# My three sim wont work!



## REC (Jan 7, 2020)

Used it last night in the mi fi to stream Netflix no problem. This morning just won't connect. It is a pay monthly contract sim for data only which I use in uk. Not had this problem before and can't work it out! Any suggestions?I have roaming enabled on the Huawei E5577, logged in to the Huawei site and it just says disconnected .....


----------



## REC (Jan 7, 2020)

On and the network it is using now shows as FREE


----------



## Wooie1958 (Jan 7, 2020)

Are you in France ?   *  FREE *are one of the roaming partners.


----------



## REC (Jan 7, 2020)

Wooie1958 said:


> Are you in France ?   *  FREE *are one of the roaming partners.

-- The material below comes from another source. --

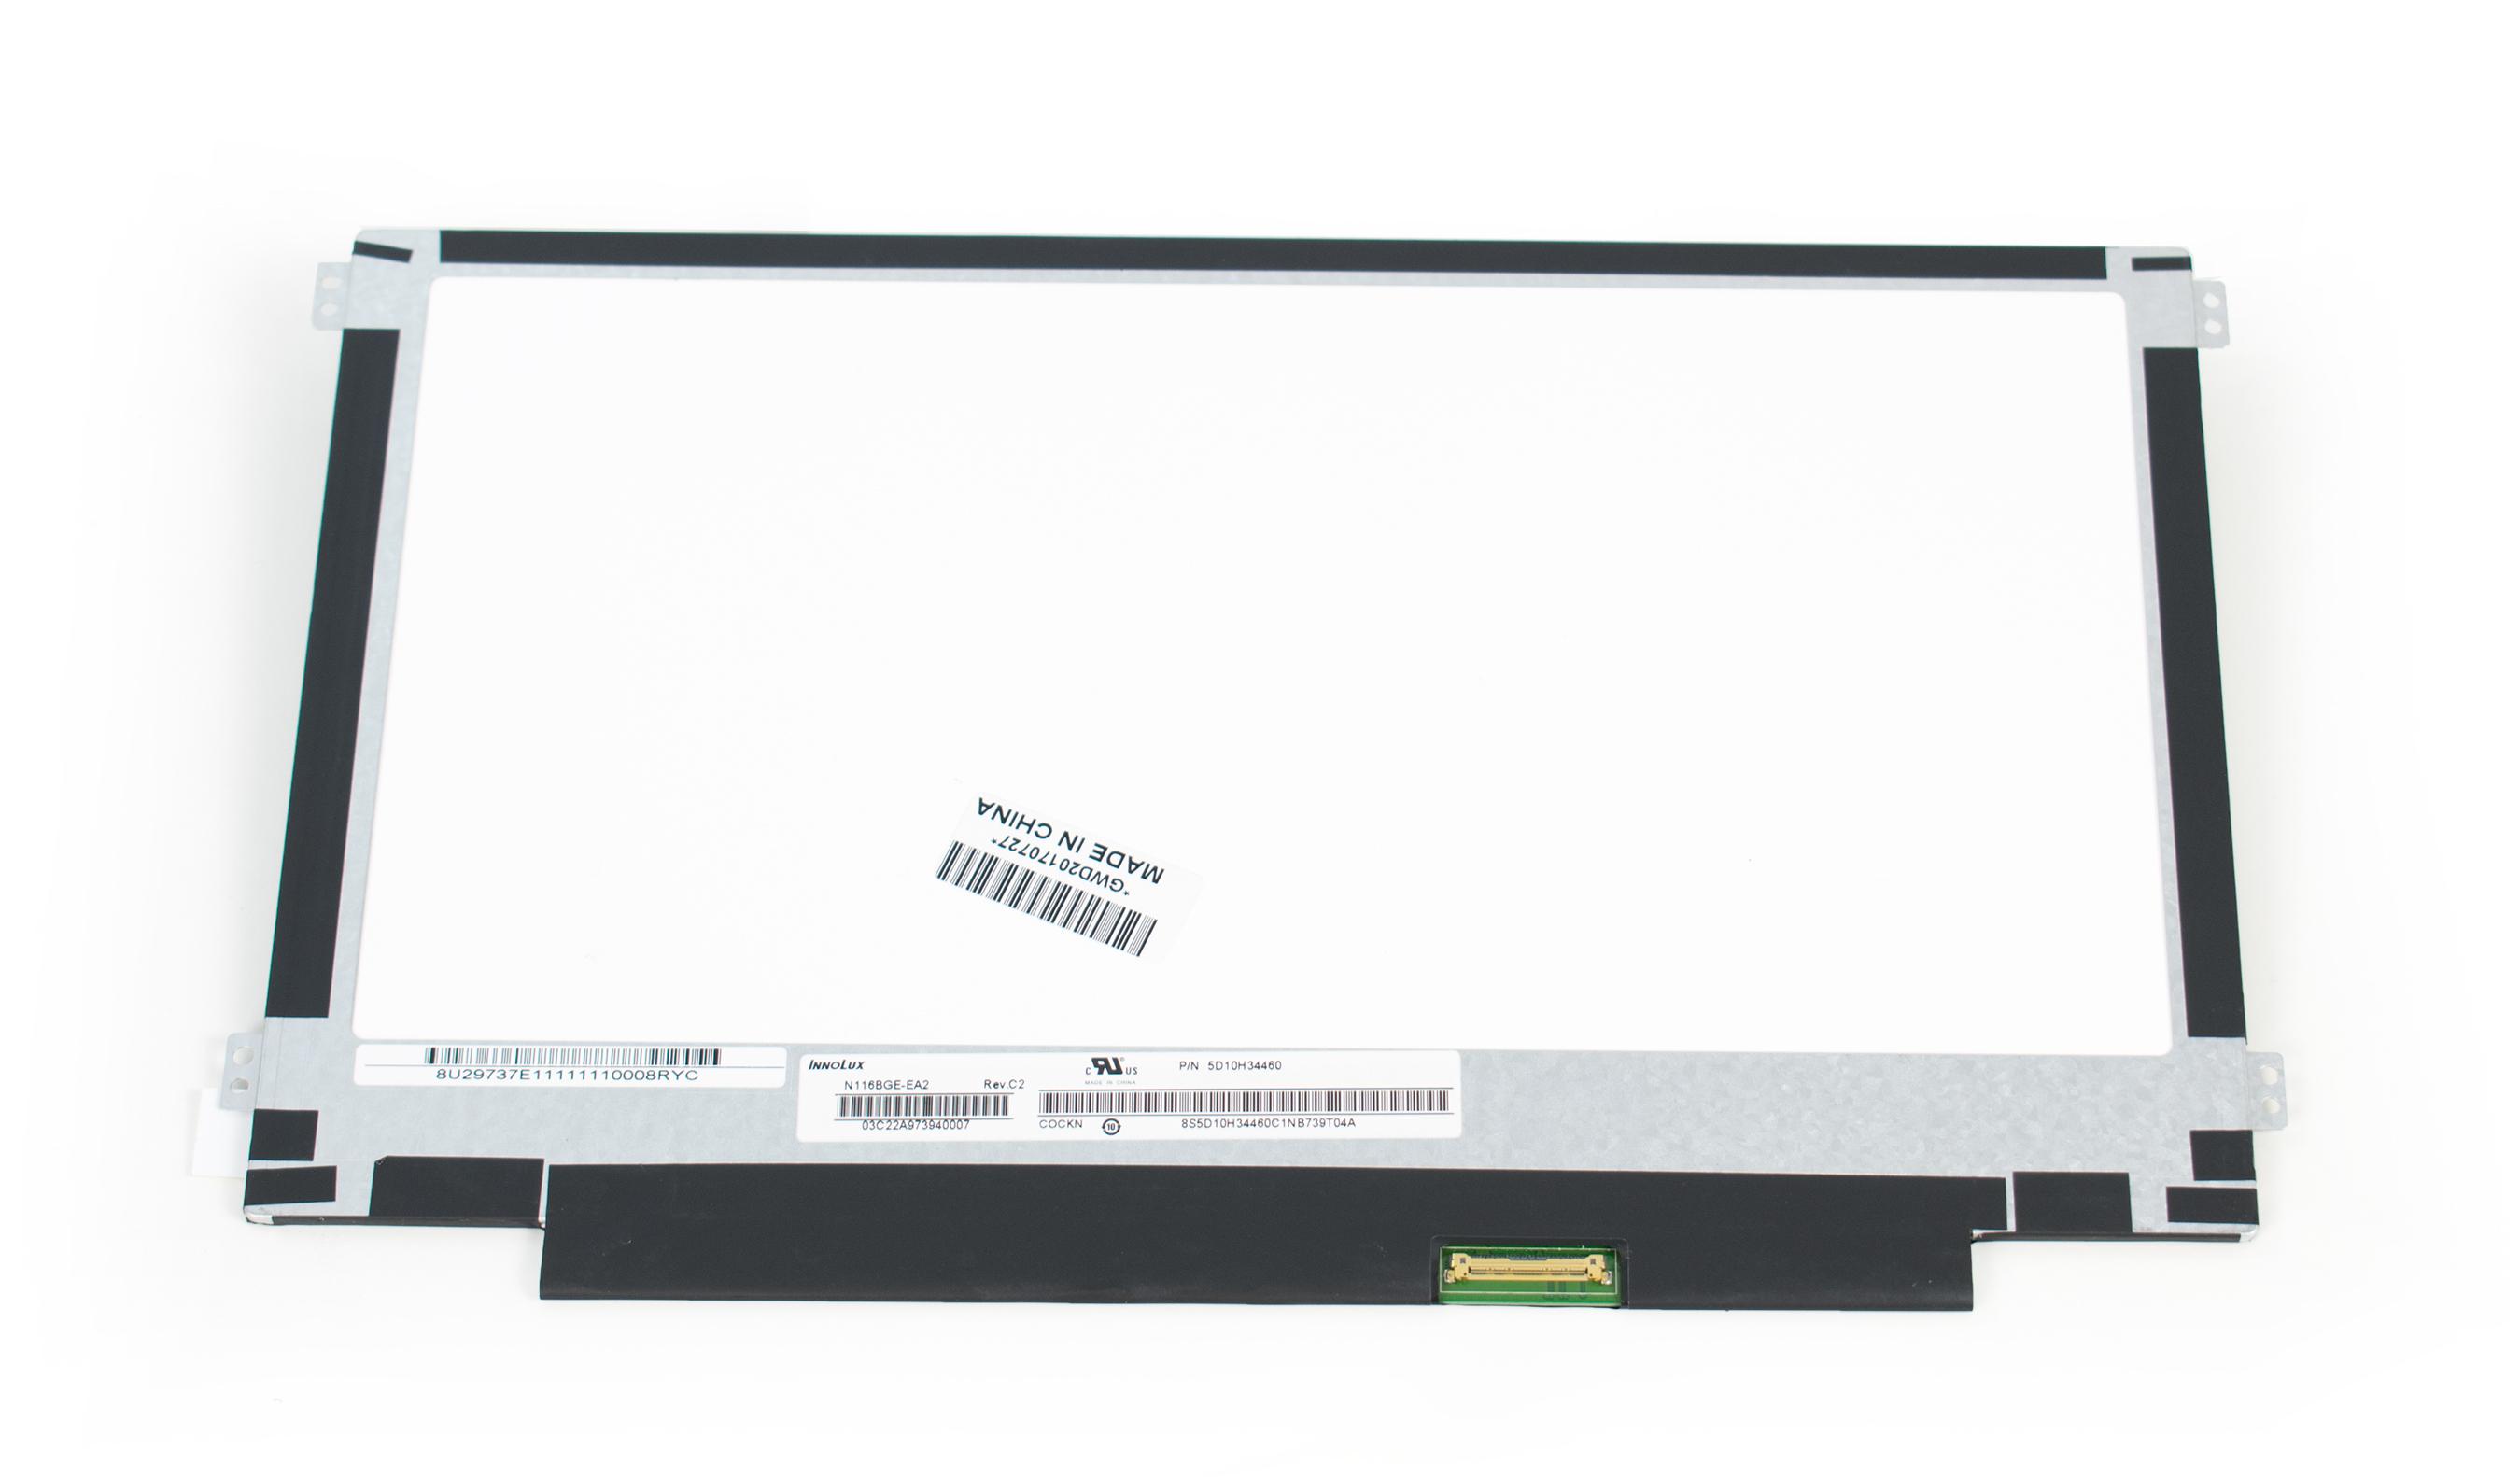 New Lenovo N22 80S6 PN 5D10K38951 LCD Screen  for Laptop   Display

Thought that could be the case....but trying to give as much info as possible! I
have turned it on just now , turned it off, smacked it, swore at it, logged into the three site using my phone, logged into Huawei site again, and now it seems to be working! I
I am sure these things have a mind of their own!


----------



## Wooie1958 (Jan 8, 2020)

REC said:


> Thought that could be the case....but trying to give as much info as possible! I
> have turned it on just now , turned it off, smacked it, swore at it, logged into the three site using my phone, logged into Huawei site again, and now it seems to be working! I
> I am sure these things have a mind of their own!




No worries      

*FREE, Bougues Telecom, Orange F* and *F SFR*  are Three`s roaming partners in France with *F SFR* normally coming up as the best one.

With the mobile you can manually select the partner if the automatically one is poor but i don`t know if you can using a Mi-Fi       

As for giving as much info as possible that is by far the the best way if you have a query or problem     

*It wont work    *......................   will not get any help as some of the people  seem to think on here


----------



## antiquesam (Jan 8, 2020)

Huawei were probably using your equipment to send info back home, when you tried the second time they had finished.


----------



## 2cv (Jan 8, 2020)

Using the Huawei app it is certainly possible to manually choose network. In the USA 3 defaults to t-mobile which is often very slow, so I always select AT & T.
I find that occasionally I have to refit the sim card if there are problems as described in the OP. Maybe hitting the mifi has had a similar effect!


----------



## REC (Jan 8, 2020)

2cv said:


> Using the Huawei app it is certainly possible to manually choose network. In the USA 3 defaults to t-mobile which is often very slow, so I always select AT & T.
> I find that occasionally I have to refit the sim card if there are problems as described in the OP. Maybe hitting the mifi has had a similar effect!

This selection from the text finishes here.